Everything God does that manifests as answered prayer, will bring glory to Him. You will always feel drawn to God to appreciate and honor Him.
God desires to bless you and answer your prayers. He delights in fulfilling and meeting your needs. It is the will of the enemy to make you think that God desires your continuous suffering. Trust His love for you and believe that He is working it out for your good.
In Ezra 6:15, there was a date that the temple was completed. A specific month. We serve a God of specifics. He has scheduled the completion date of every test and trial that you are dealing with today.

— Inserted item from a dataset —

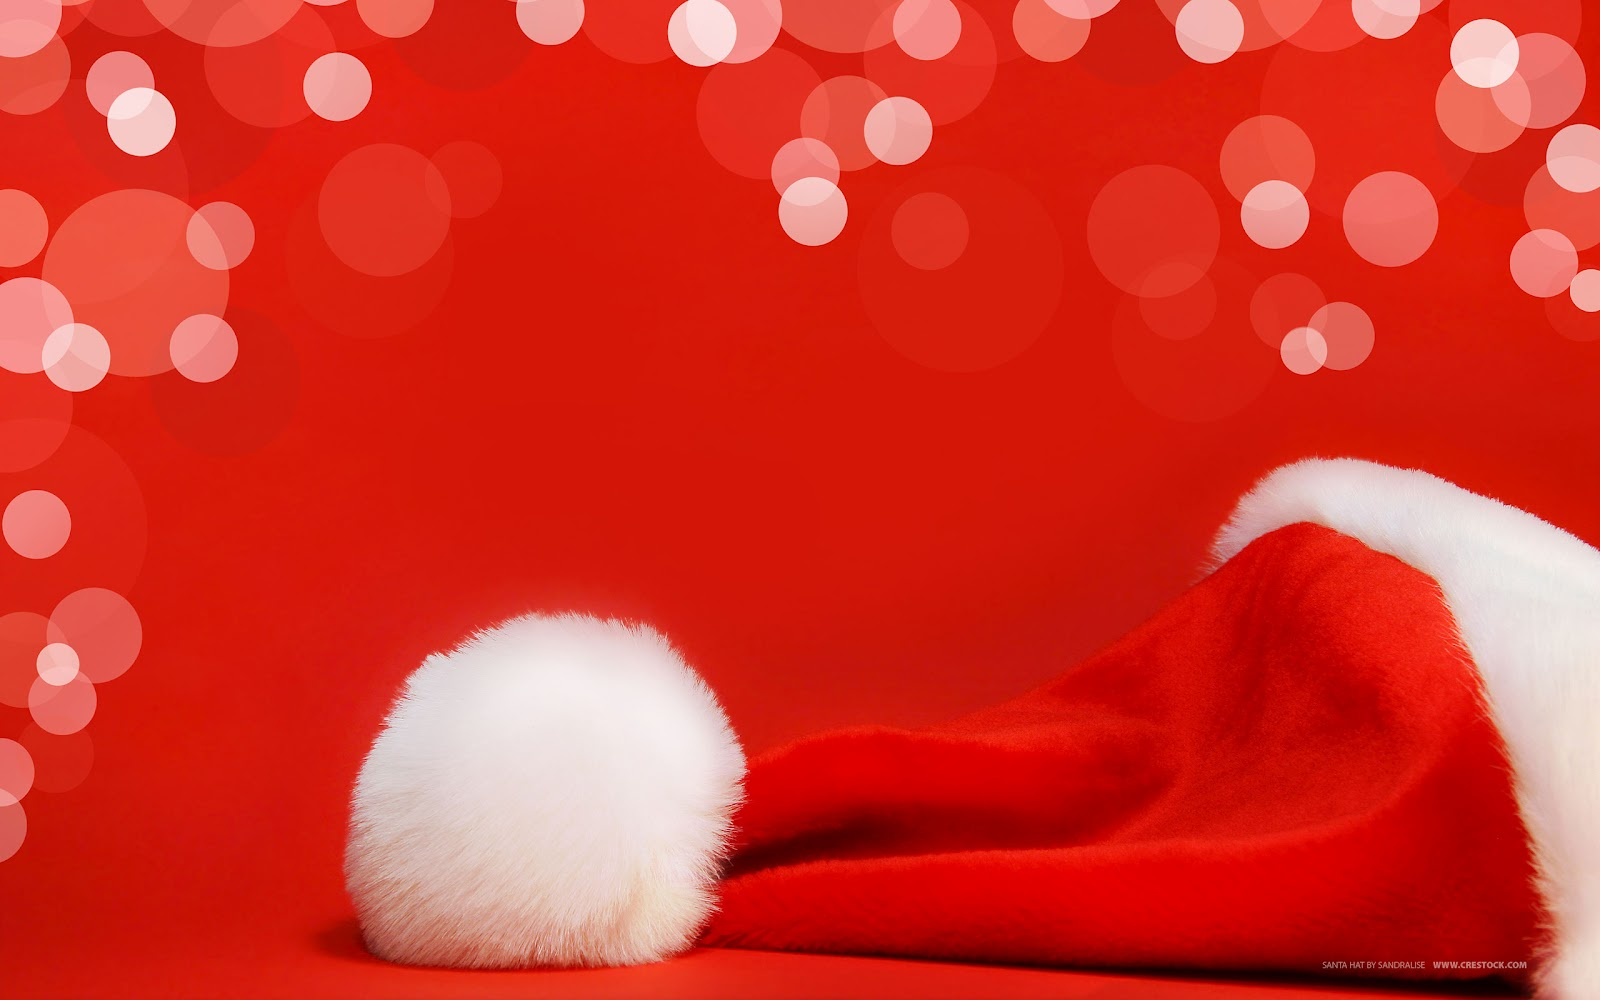 Background mũ giáng sinh

Believe again, that very soon, you will be celebrating His goodness, faithfulness, and love towards you. You will rejoice because you will see the completion of a thing, and the power of God’s provision to see it through.
Prayer
Dear God,
There are moments in my life where I have felt a strong sense of loneliness, because I thought you forgot about me. I wondered if you would ever come through for me and bring me victory. Today I believe there is an expiration date to my trial. My answer is scheduled and very soon, by the power of perfect timing and your divine provision, I will see the completion of the promises you have shared with me.
Help me to count the many blessings I have experienced so far. Teach me not to compare myself with others. Let me steward my time, treasure, and talents with great diligence and grace as I expect the breakthrough of answered prayer. I believe this by faith, and encourage my heart to trust you again.